Last week, during my Super Bowl party, anticipation was running high for the halftime show. The Who, or at least half of the Who, was about to perform. The music business people in the room were predicting how bad they were going to be, and the non-music business people were looking forward with anticipation.
The Who delivered.
For the haters, they looked old and they didn’t play a single song that was less than 30 years old. But man, were those songs great!!
For the fans, there wasn’t a single moment that the audience couldn’t sing along to, and know all the words. To me that was the best part of the performance.
Just the fact that the band has been successful for more than 40 years is the point of the whole thing. There were 60 year olds and 15 year olds that stood side by side in the stadium and sang along with every note. Could that happen if Arcade Fire or Modest Mouse had performed.
My comment before the halftime show started was- Did the critics for the daily papers write their reviews before the performance even started. I could have predicted what I would read in the papers the next day. One critic wrote that the NFL had used an Arcade Fire song in a pre game piece, inferring that that is the kind of band that should have been playing at half time. Sure, they could have held a little concert in the end zone, and their hundred fans could have had a great time, and most of America could have used halftime as a bathroom break!
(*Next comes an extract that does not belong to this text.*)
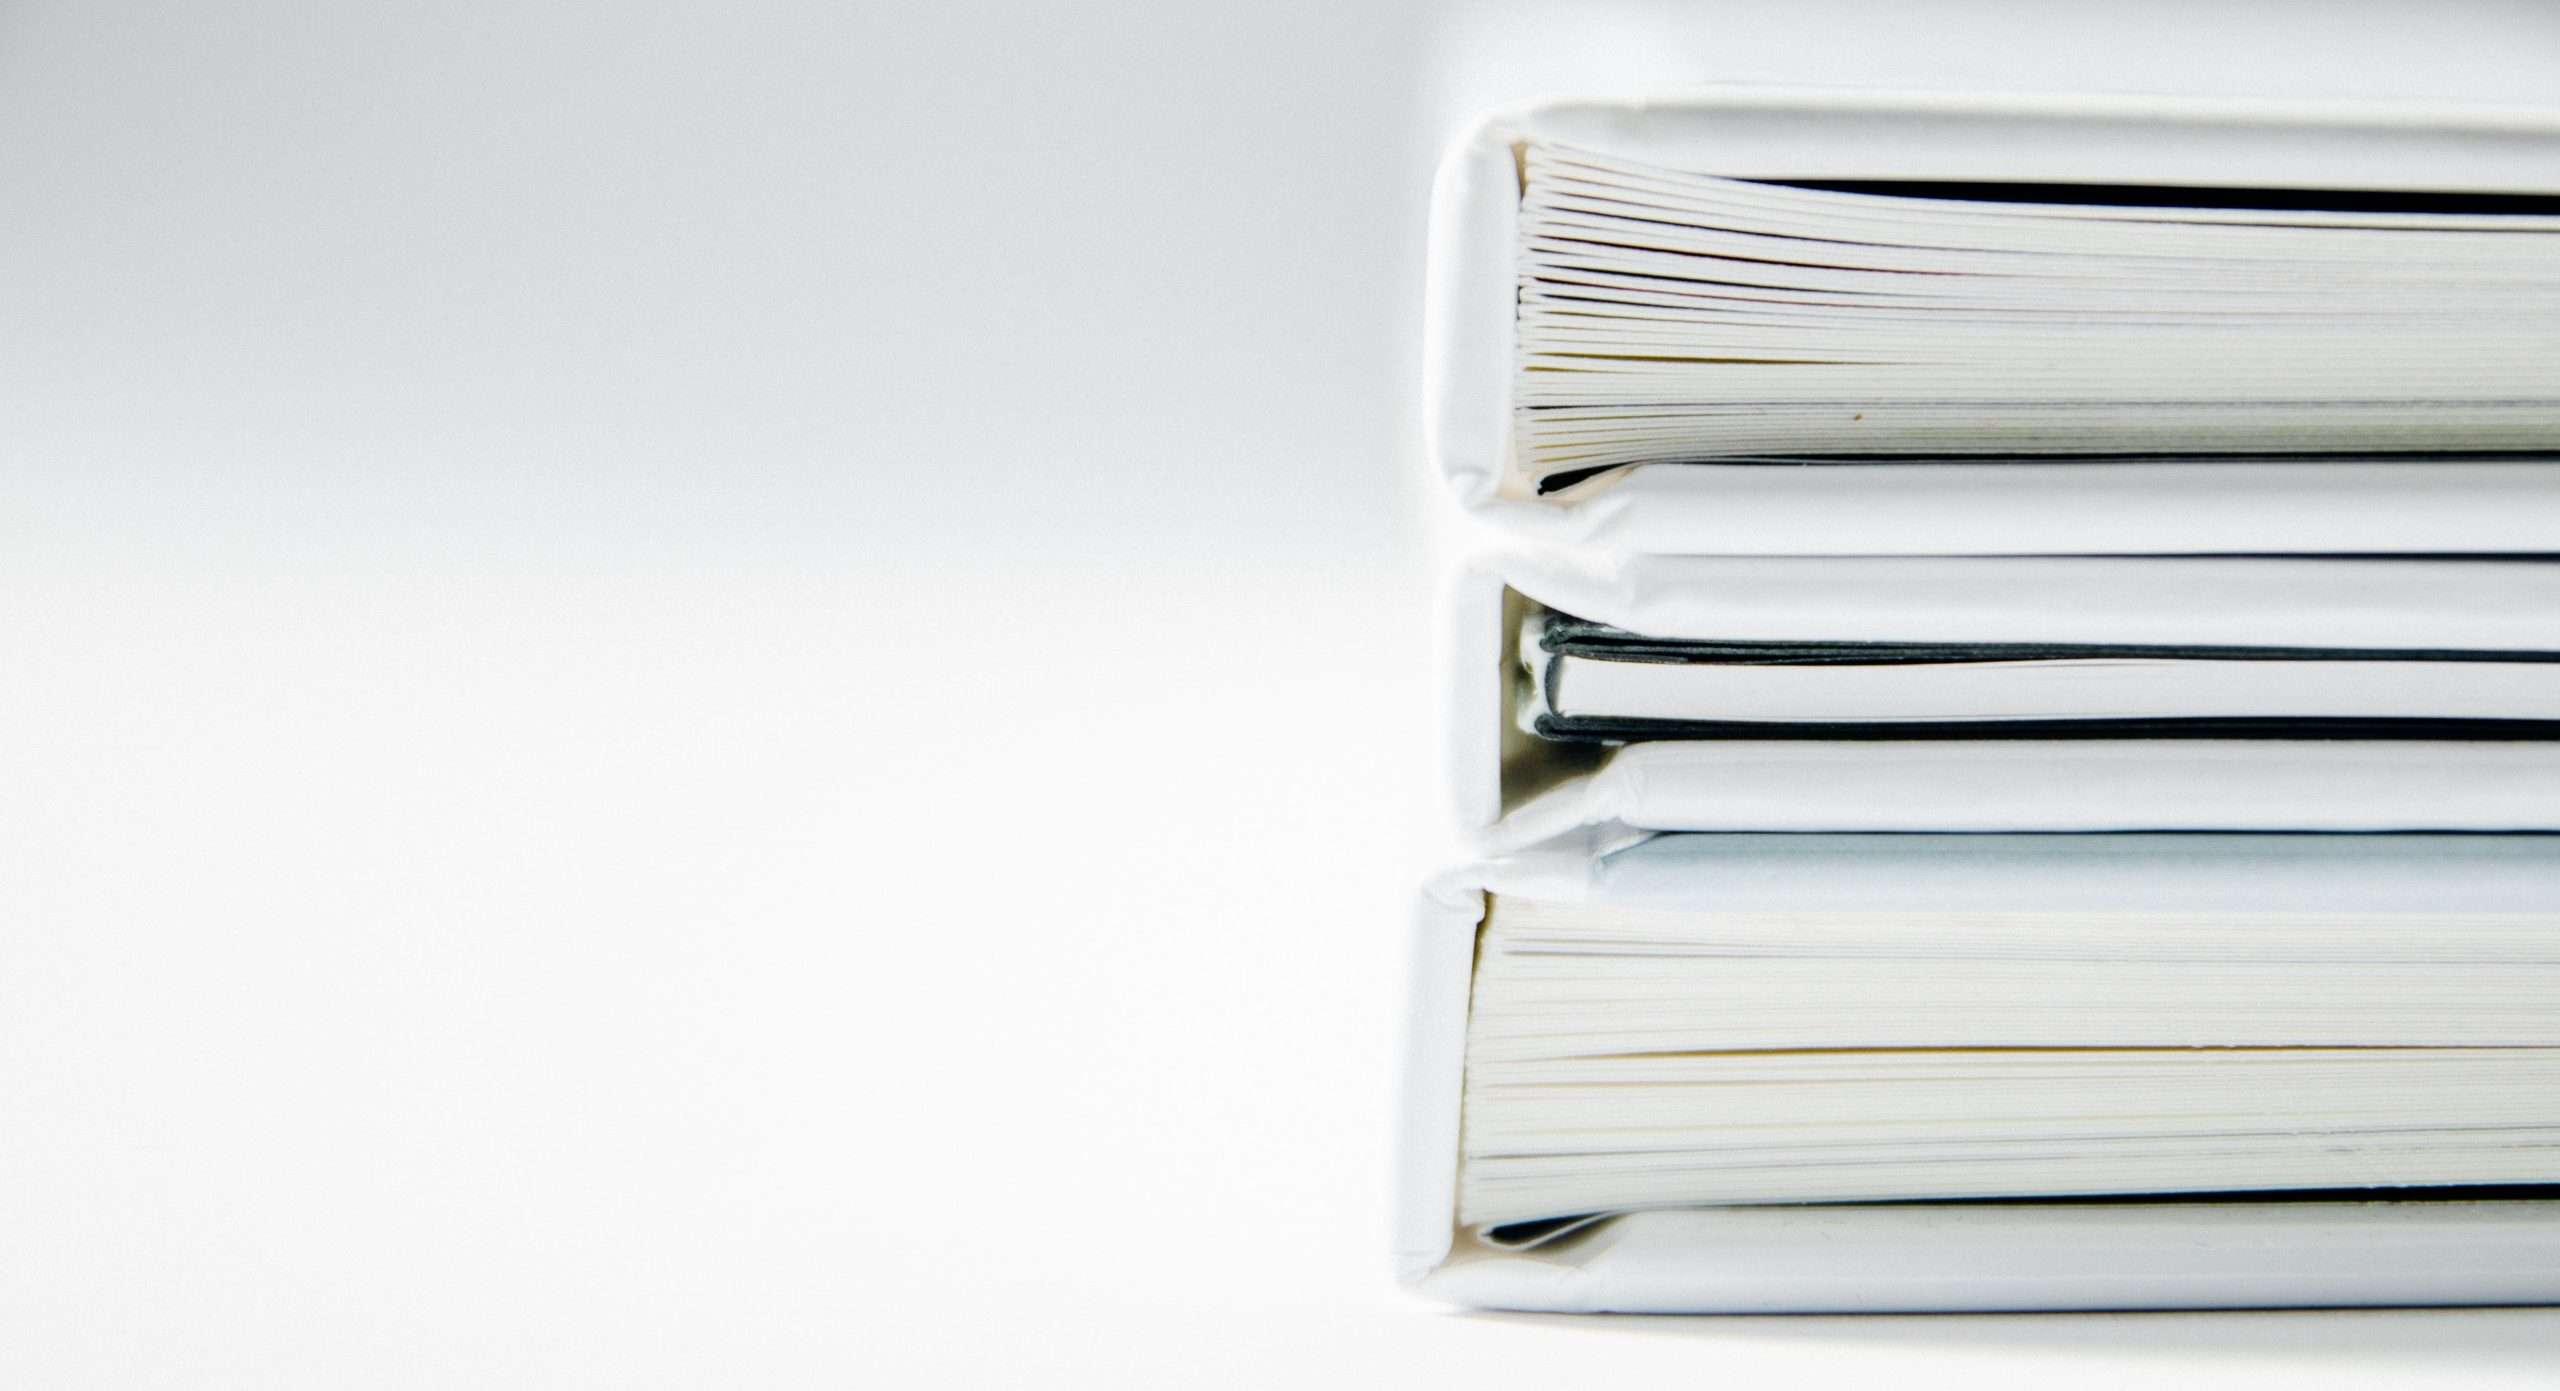 Average settlement offers during mediation

The point is, major events should be programmed for a mass audience. Late last year, I got an email from a woman who was writing a thesis on free live music in public places in major cities. She wanted my comments on her premise that Chicago has almost no live, free music in city parks. I quoted from an informal study that I had done a year earlier where I had determined that from Memorial Day to Labor Day last year, there was an average of three musical acts a day (7 days a week) in our downtown parks. She asked me to give her some details, so I described concerts by the Grant Park Symphony Orchestra, World Music throughout the summer and blues Jazz, Latin Celtic and Country throughout the summer. She stopped me to interject- Oh no, that doesn’t count. We are just looking at alternative rock. Why isn’t there more of that? When I stopped laughing, I explained that a good programmer programs for the biggest possible audience. Oh, she said, I guess I will have to rewrite this thesis!
Same with those writers trashing the Who!!